* WORK REQUIRED *
Word for word, reproduce each line of the data below, omitting every image.

* DATA EXTRACT *
_ _ _ _
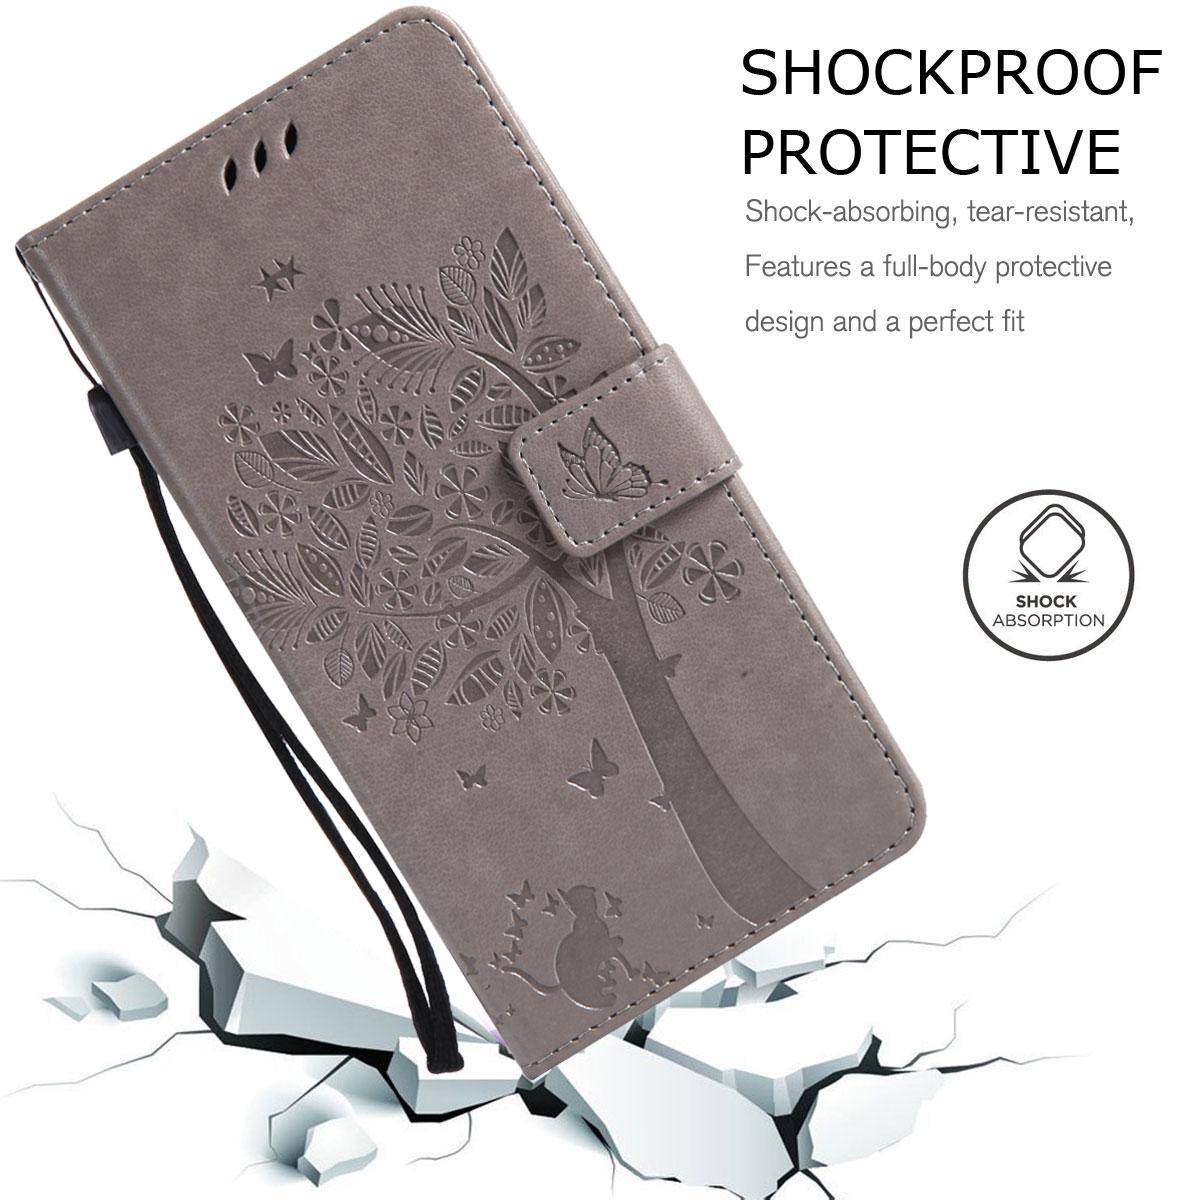 Magnetic-Leather-Credit-Card-Holder-Flip-Case-Cover-For-Google-Pixel-2-2-XL thumbnail 39
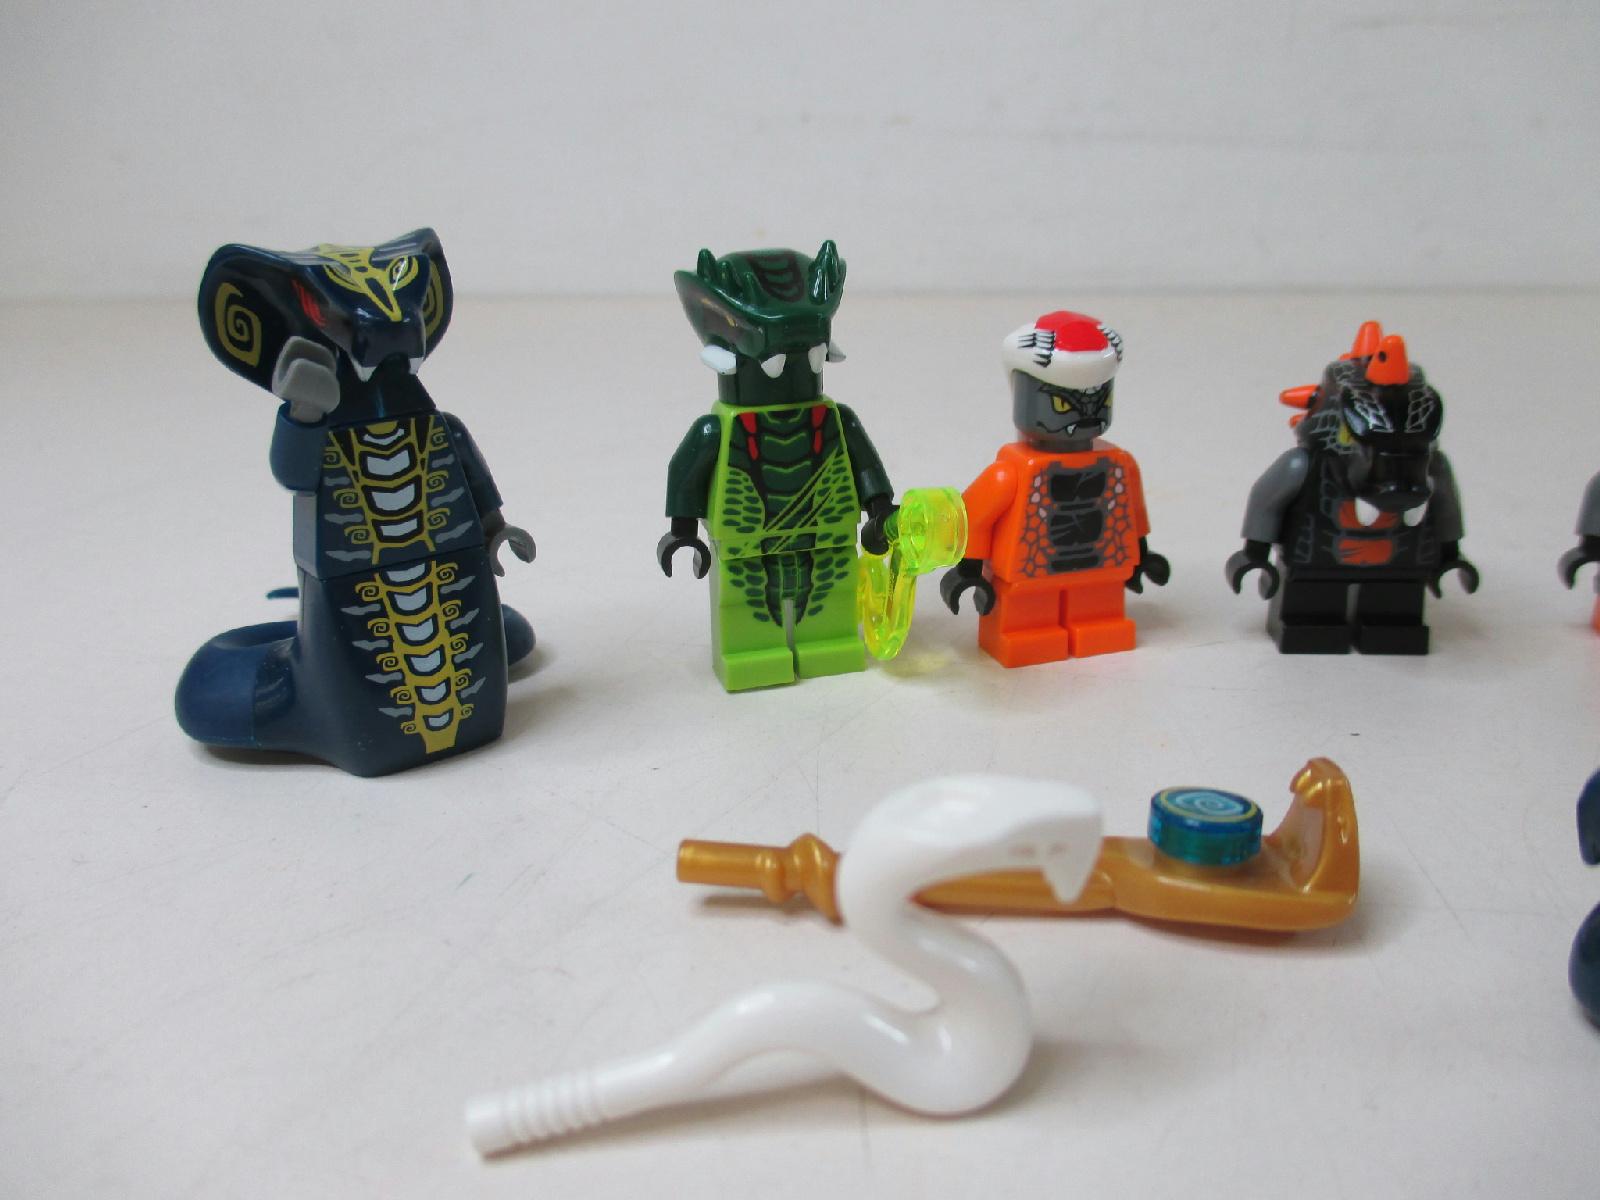 Lot of 8 lego ninjago snake people minifigures ebay - Serpent lego ninjago ...
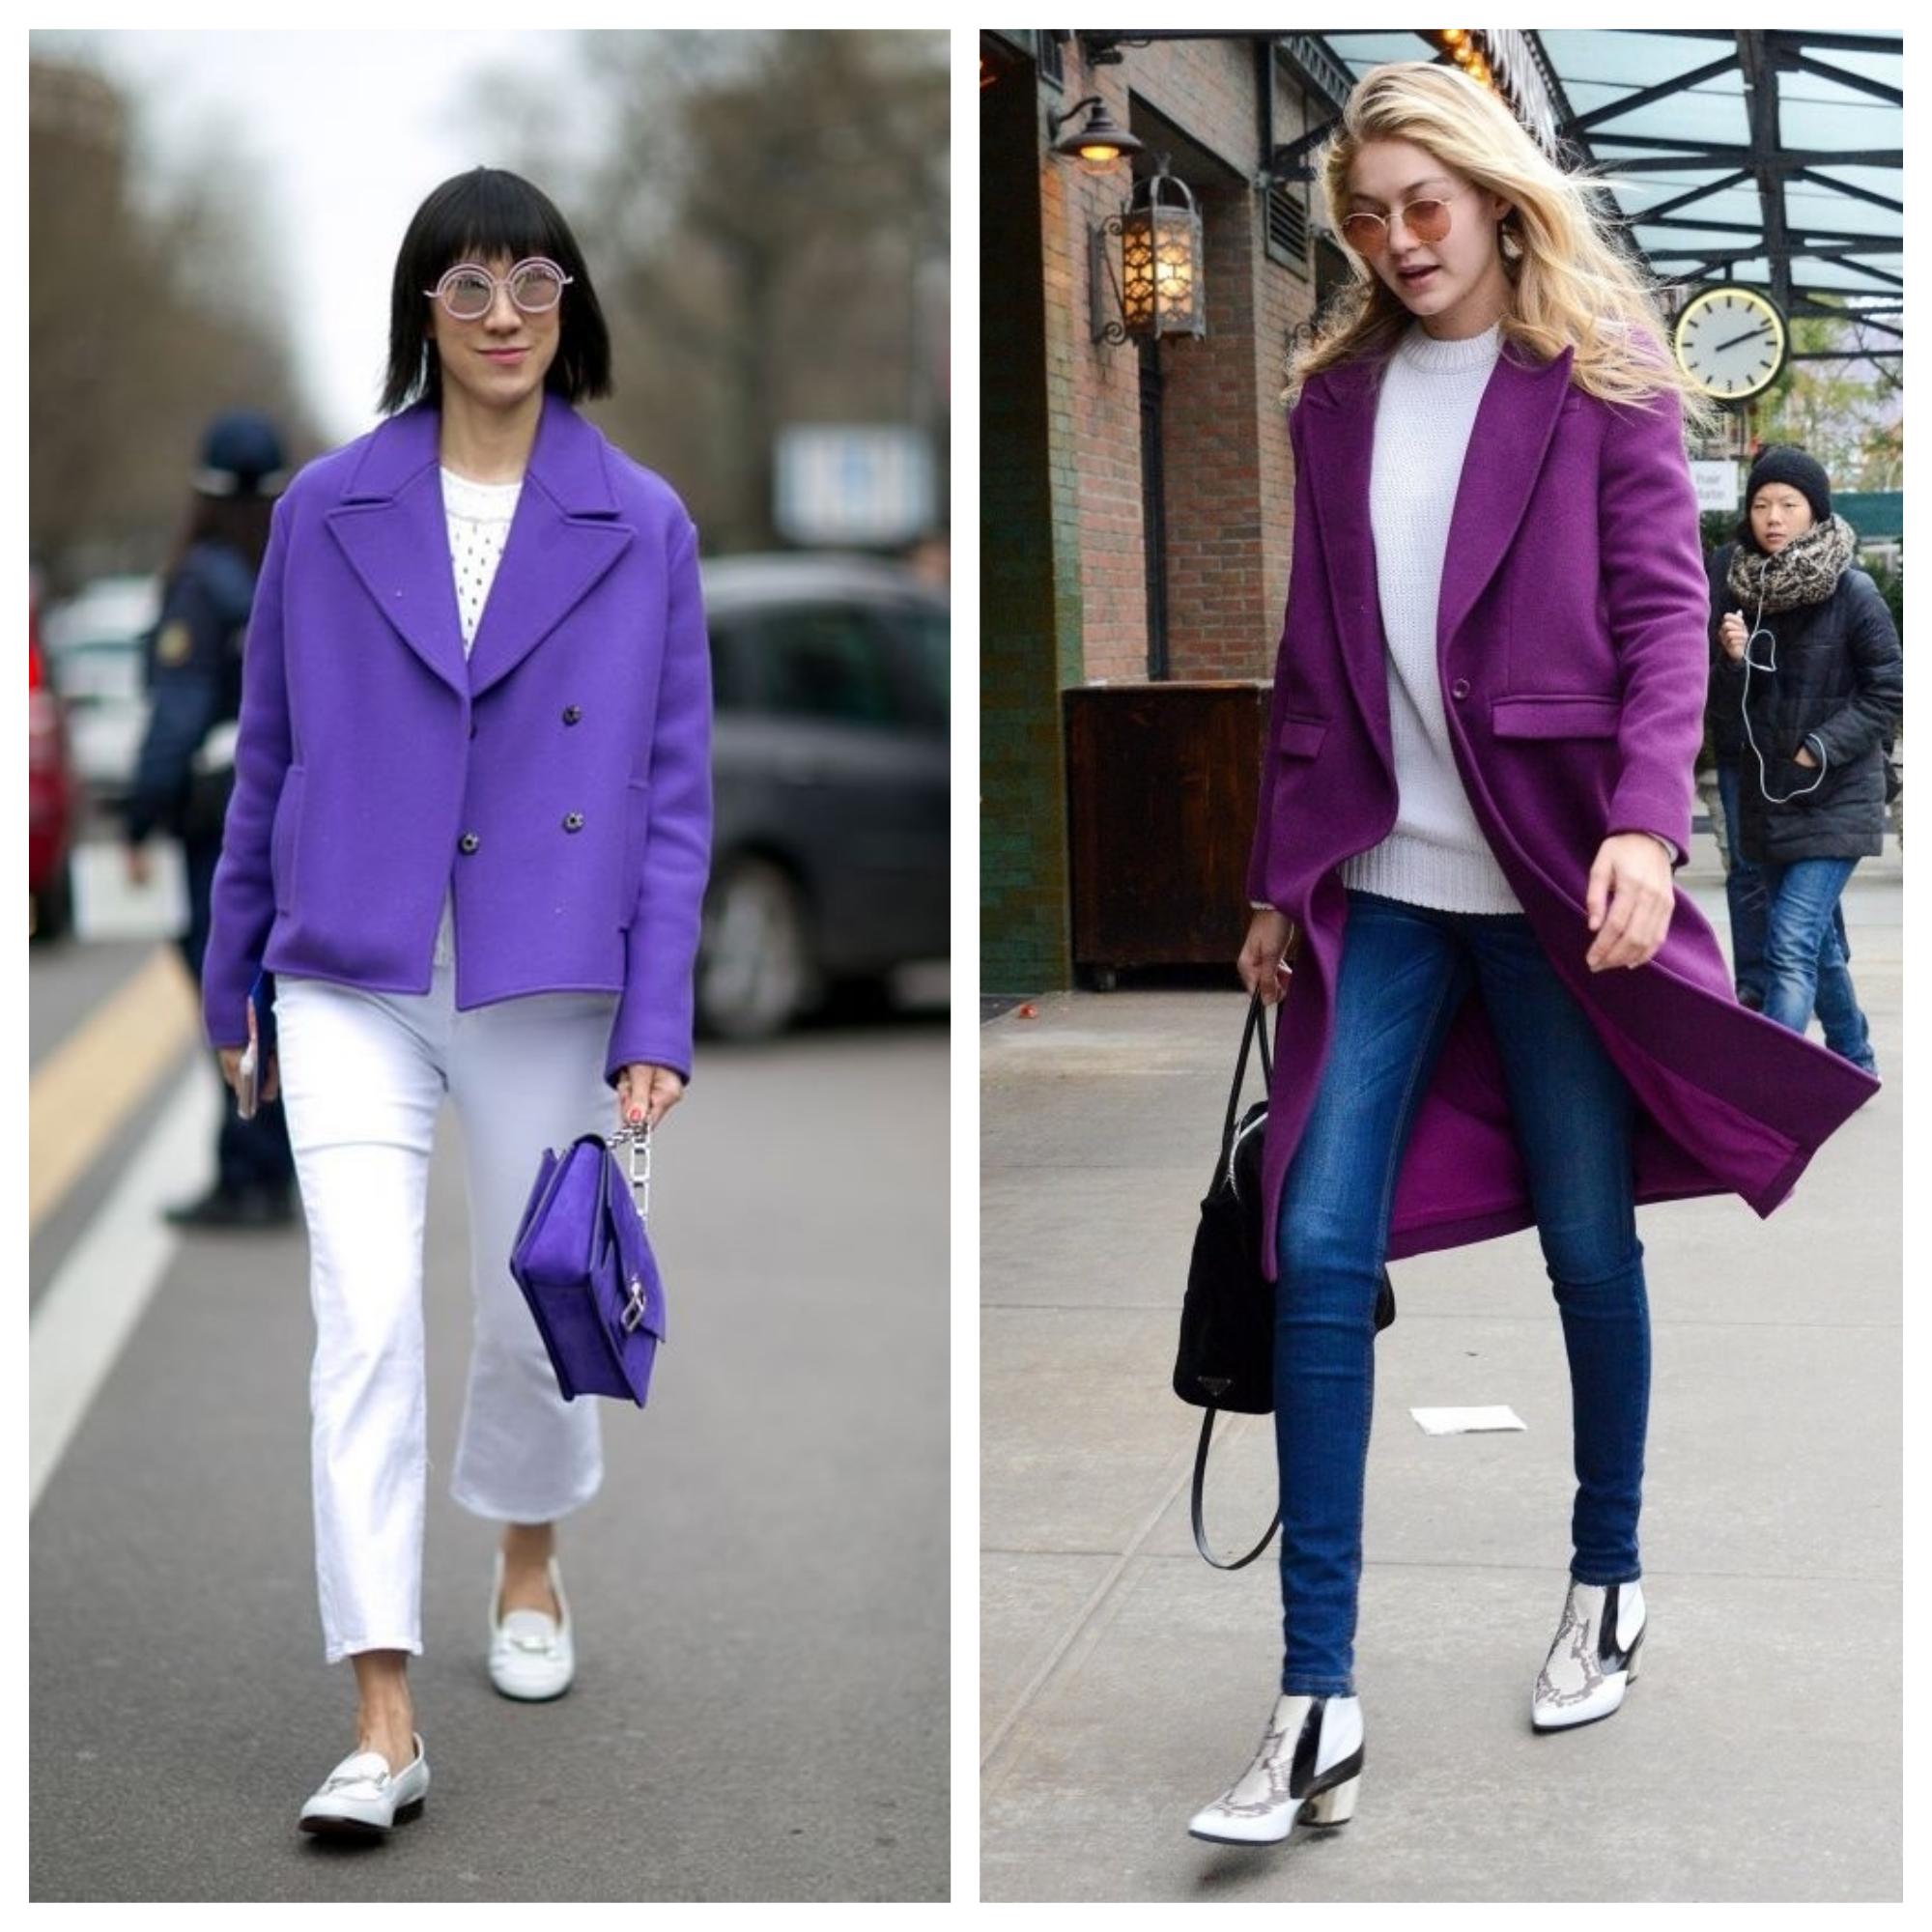 ultra violet casacos
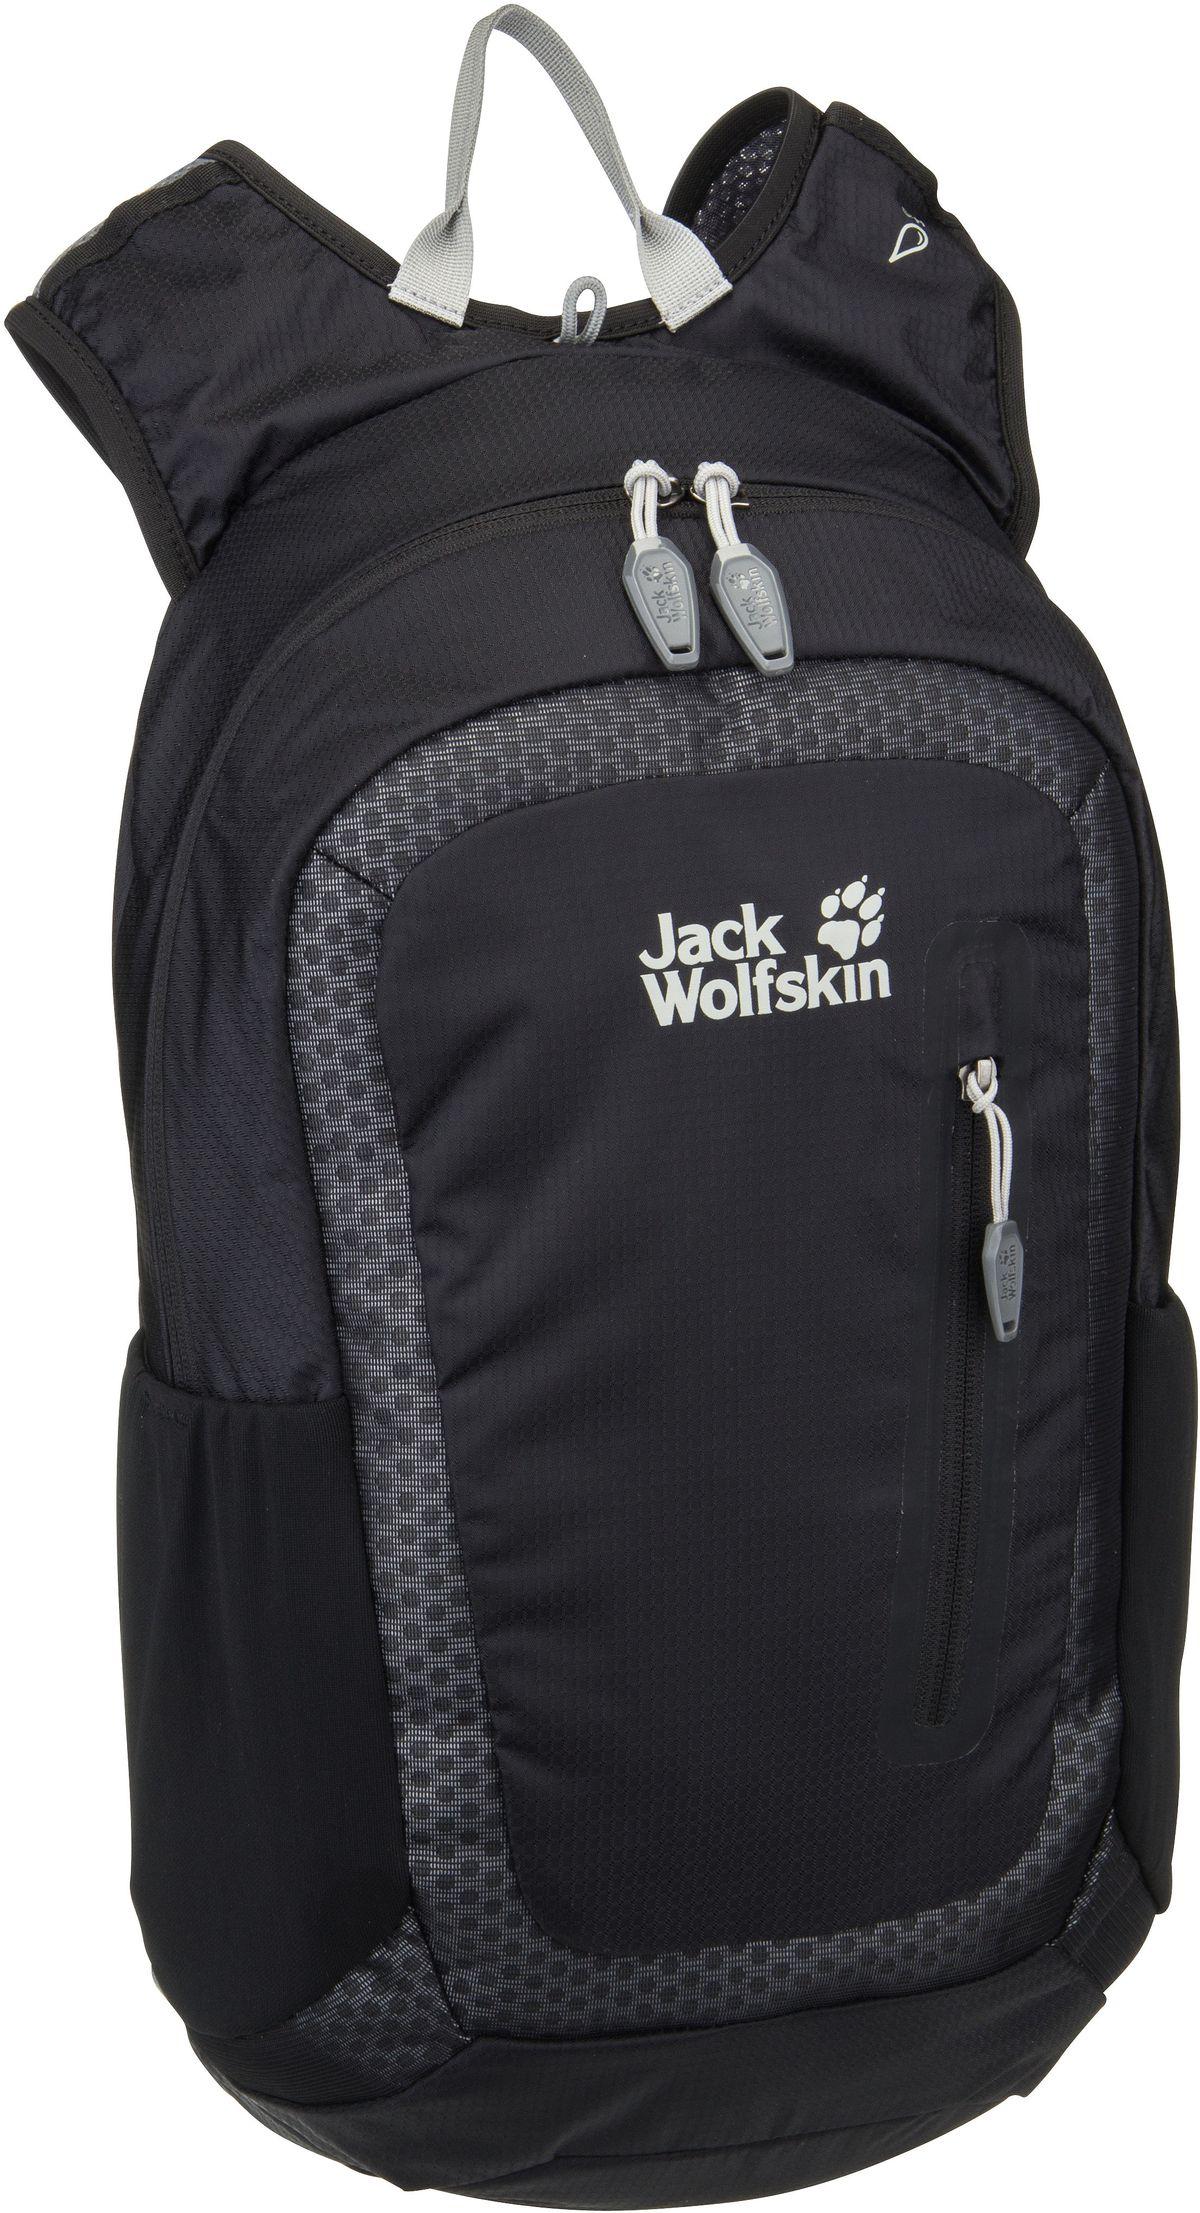 Rucksack / Daypack Proton 18 Pack Black
_ _ _ _
* TASK ANSWER *
 Magnetic-Leather-Credit-Card-Holder-Flip-Case-Cover-For-Google-Pixel-2-2-XL thumbnail 39
 Lot of 8 lego ninjago snake people minifigures ebay - Serpent lego ninjago ...
 ultra violet casacos
 Rucksack / Daypack Proton 18 Pack Black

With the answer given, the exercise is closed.